What I did was first determine how many total groups I need.
The FCC lessons introduced the Math.floor() function that rounds down to the nearest whole number.
Common sense would dictate that hopefully the developers created an equivalent function that rounds up.
So I searched for Javascript Math Object functions
And found: Math.ceil().

Once I have the total # of groups needed, then I implemented a nested for loop. First looping through the total number of groups to create, and then looping through each group creating the arrays with the passed parameter number of items in each array.

Instead of using the hinted push() function, I used shift() instead to build the arrays from the beginning. The 2nd nested loop will end when the last element of the original array has been removed.

Note that nested for loops are perhaps not ideal best practice for performance. But that was just the easiest way for me to get through the exercise.
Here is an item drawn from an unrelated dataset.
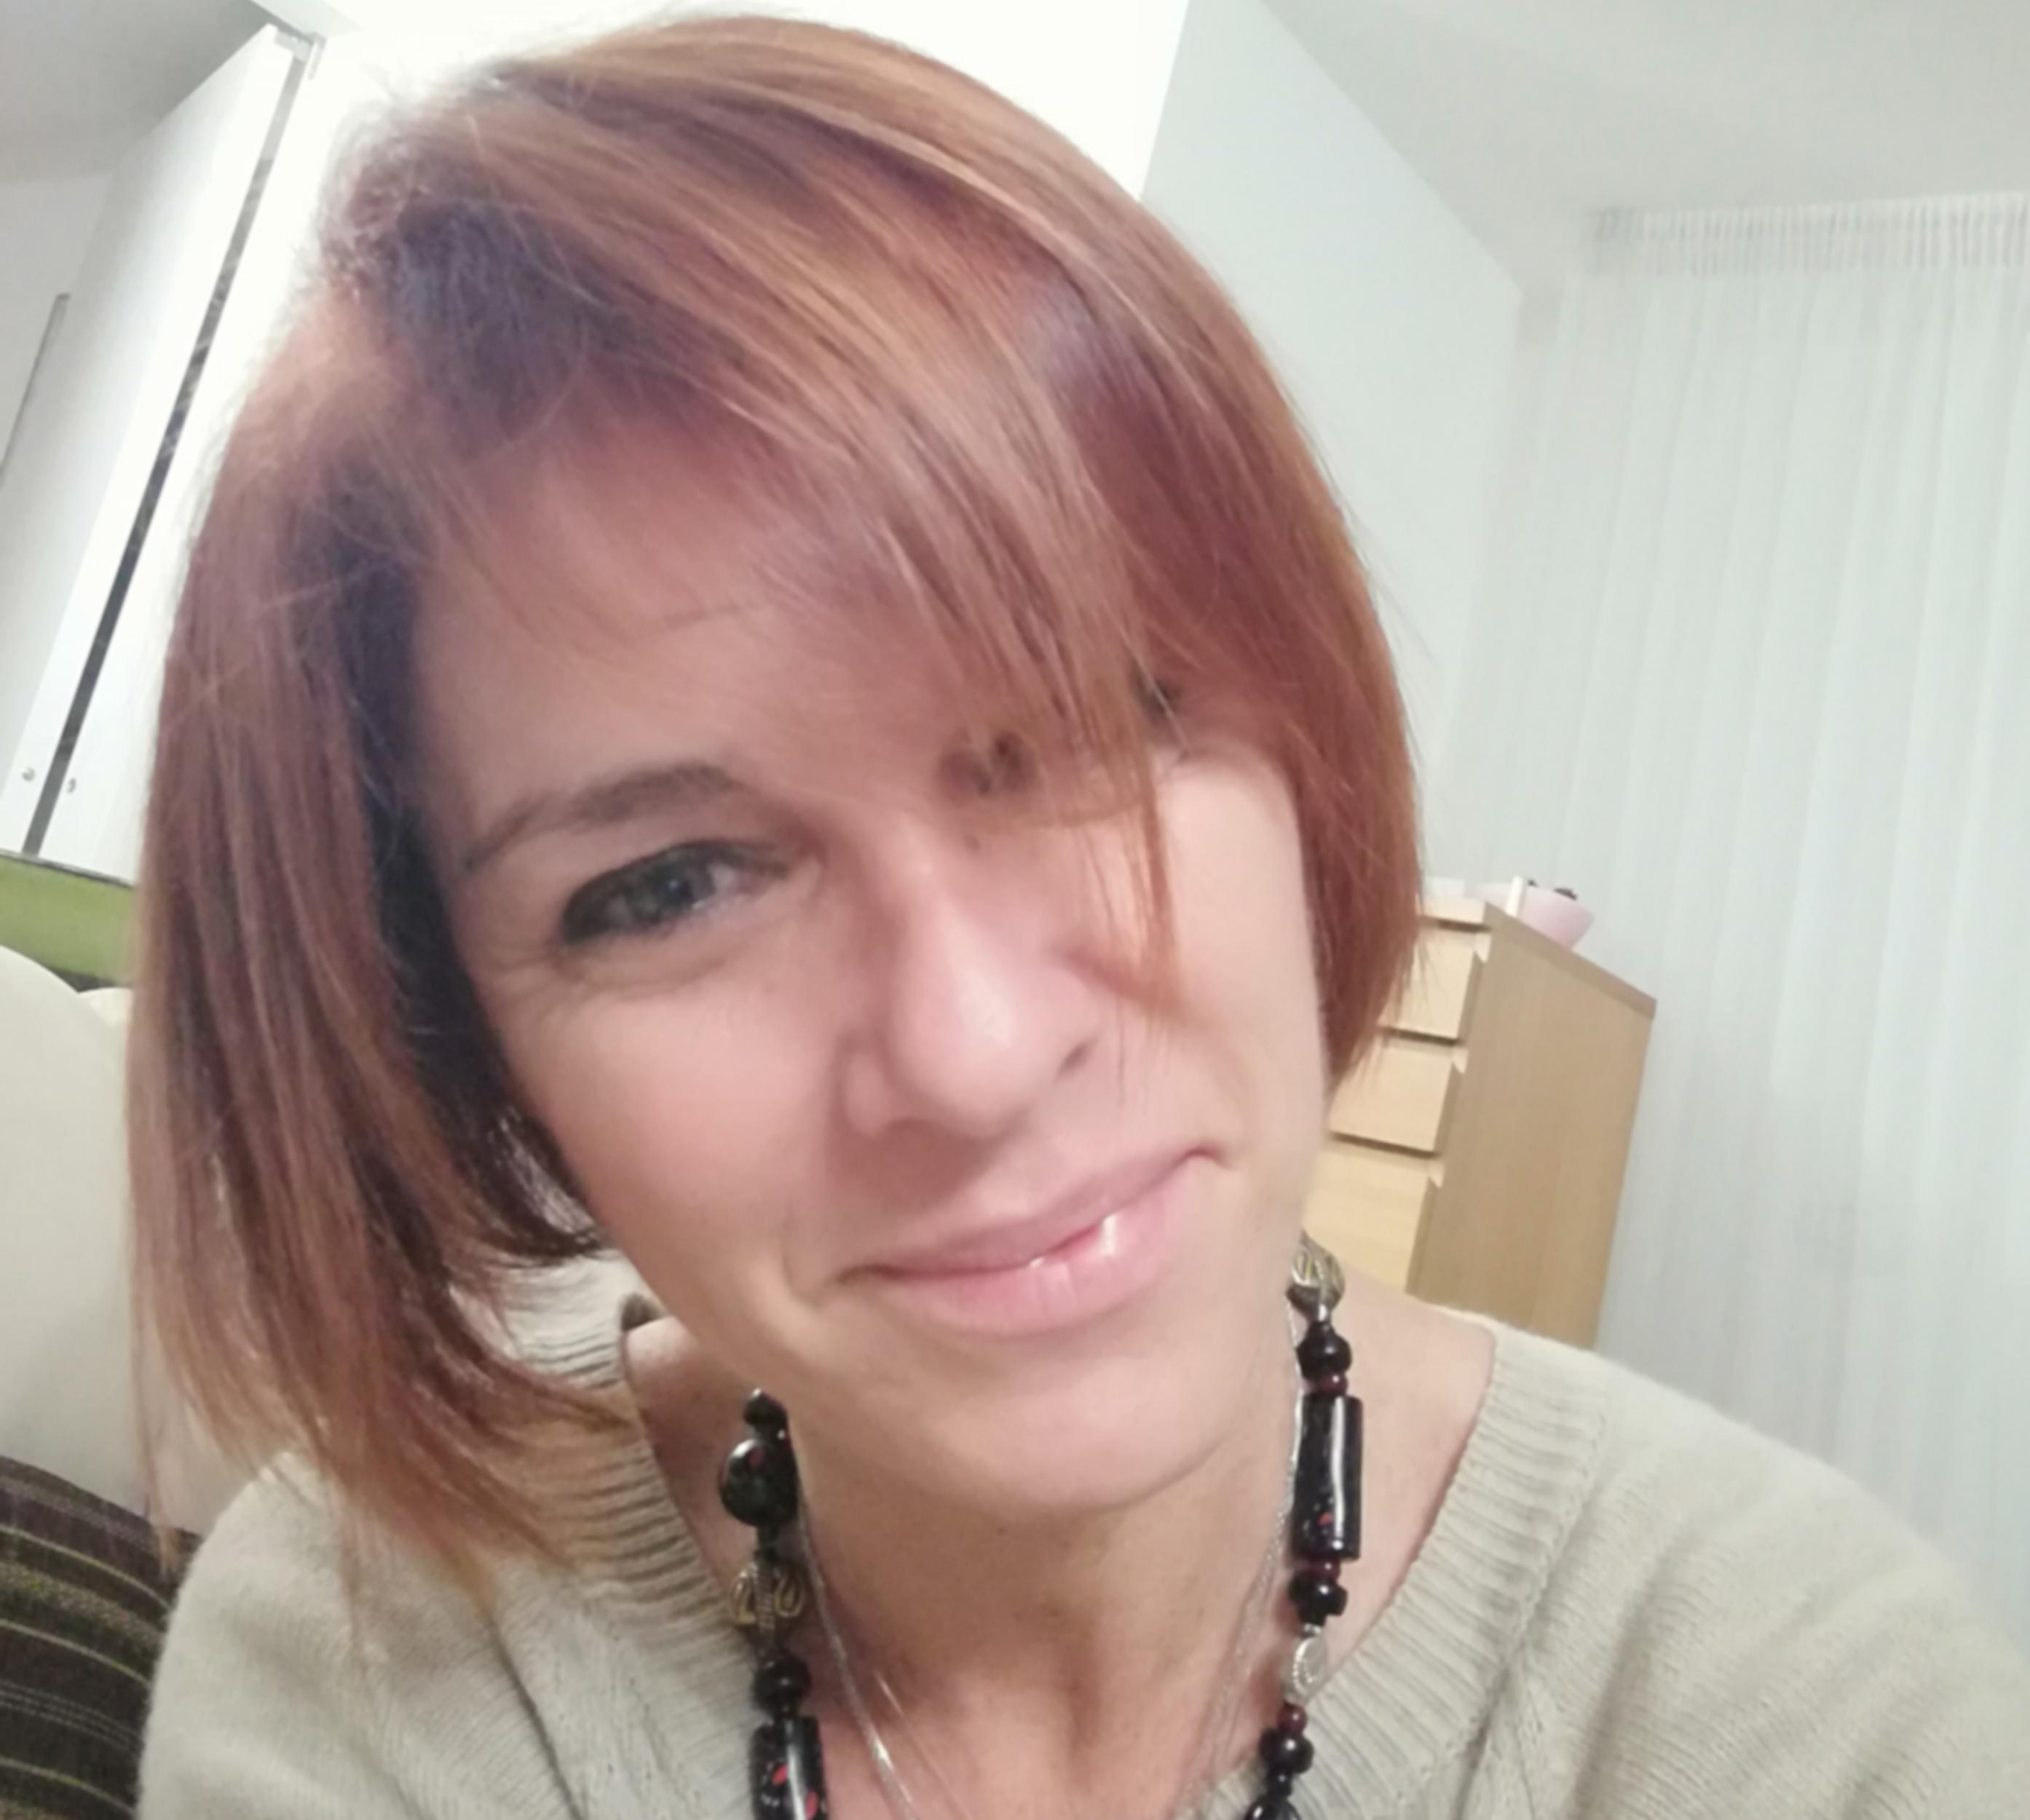 Dott. ssa Jessica Melluso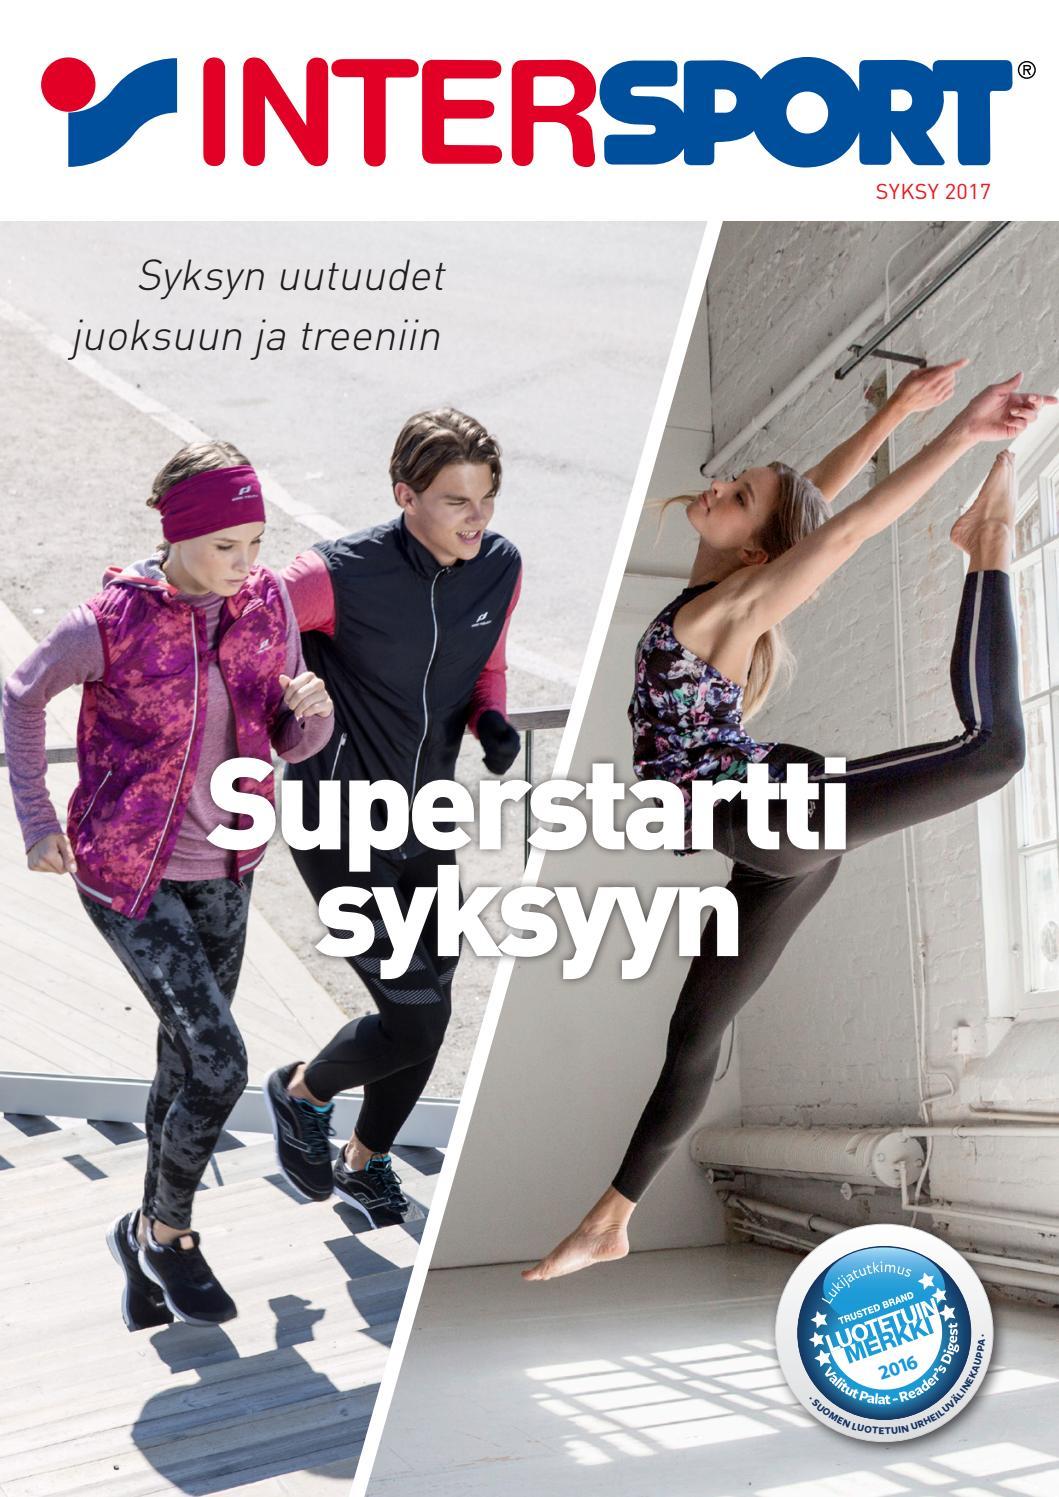 c97a546d3c949 Superstartti syksyyn   Juoksu ja treeni by Intersport Finland - issuu

function chunkArrayInGroups(arr, size) {
  var result = [];
  var groups = Math.ceil(arr.length/size);
  
  for (var g=0; g<groups; g++) {
    var tArr = [];
    
  	for (var i=0; i<size; i++) {
      if (arr.length > 0) {
	      tArr[i] = arr.shift();
      }
  	}
    result[g] = tArr;
  }
  return result;
}

Also, if it’s not quite clear, the nested loop builds the internal array elements based on the size and once that’s built, then it gets added to the final array as a single item.